Eunice


Sometimes you get into telling a history story you thought you knew well, but then it blossoms into something bigger. I was going to tell you about the history of the greenhouse effect.  The first person to suggest the earth is comfy and warm because of the insulative properties of air was Joseph Fourier, a French mathematician and scientist in 1820. 

It wasn’t until 1861 that an Irish Scientist, John Tyndall, proved him correct. Tyndall was able to identify  the insulative gasses, the major ones being carbon dioxide, water vapor, and methane.
Fourier and Tyndall were intellectual giants of their time. For example, Tyndall held 5 honorary doctorates and was a member of 35 scientific societies. Today, at the prestigious “University of East Anglia” the department that studies climate science is respectfully named in his honor; the Tyndall Centre. 

This was quite the accomplishment for a man who started his career as a surveyor, but then gave into his passion for knowledge. As he said, “The desire to grow intellectually did not forsake me…”
Tyndall’s reputation as a great scientist is rock solid. But, should he hold the title as the first person to discover the radiative properties of the greenhouse gases in 1861? Or, should it be an American named Eunice Newton Foote? 

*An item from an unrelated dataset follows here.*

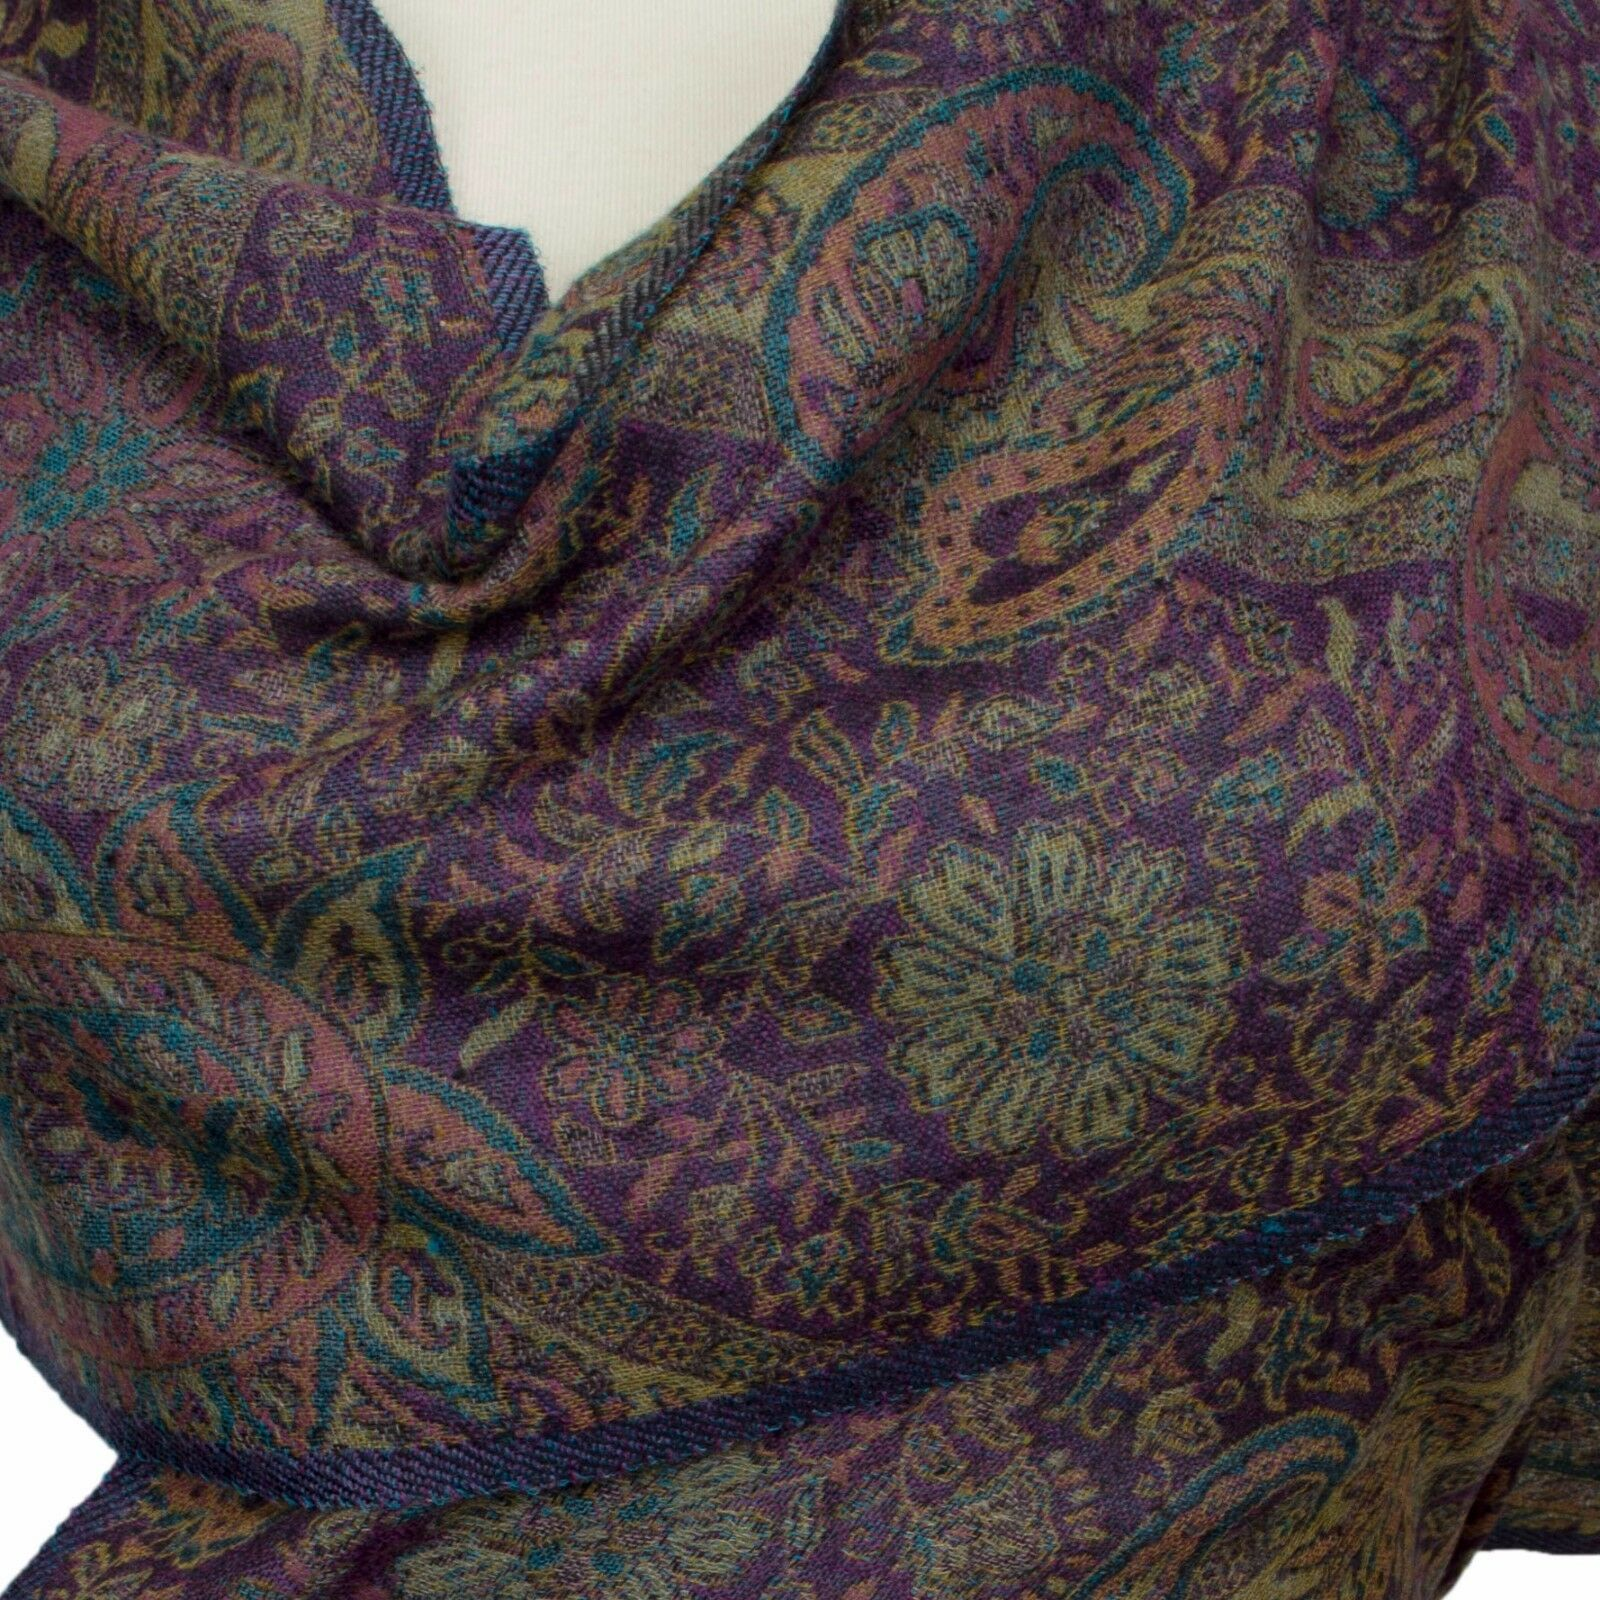 Pashmina  Schal 100% Kaschmir, Cashmere Cashmere Cashmere scarf  écharpe Foulard 34 x 167 Lila | Mittel Preis  | Attraktiv Und Langlebig  0f4fbb

At a recent presentation at Nicollet College, Pam McVety, environmental scientist and 30-year veteran of the Florida Department of Environmental Protection, mentioned the name Eunice Foote as an early climate scientist. She was from Seneca Falls, New York and participated in the 1848 Seneca Falls Convention, an early and influential meeting of the women’s rights movement.

Her known contribution to the understanding of greenhouse gasses is through a documented presentation to the 10th annual meeting of the American Association for the Advancement of Science. 

She personally did not present her work. Joseph Henry, from the Smithsonian Institution, presented her work to the AAAS members in 1856. Her work, done with simple equipment, came to remarkably similar conclusions as John Tyndall’s. 

Her equipment was simply glass cylinders filled with different mixtures of gasses laid in the sun alongside a glass cylinder with unaltered air. One of her test glass cylinders was filled with “carbonic acid” gas, as carbon dioxide was then called. Laid in the sun it became considerably hotter than the one with unaltered air. She noted then, in 1856, that, “An atmosphere of that gas would give to our earth a much higher temperature…” 

John Tyndall, as a man luckily well educated, became a surveyor just as the UK was running railroads from one end of the country to the next. He excelled at his work and made himself good money. His desire to grow intellectually sent him to college. In a stroke of fortune, he ended up studying in Germany. The best scientific minds in Chemistry and Physics in that time were Germans. These were the booster rockets that propelled Mr. Tyndall to greatness.

If, and this is a big “If”, we mobilize our society to reduce our pollution and stop sending our atmosphere to a much higher temperature, John Tyndall’s contribution to this rescue mission will be paramount and his place in history well deserved.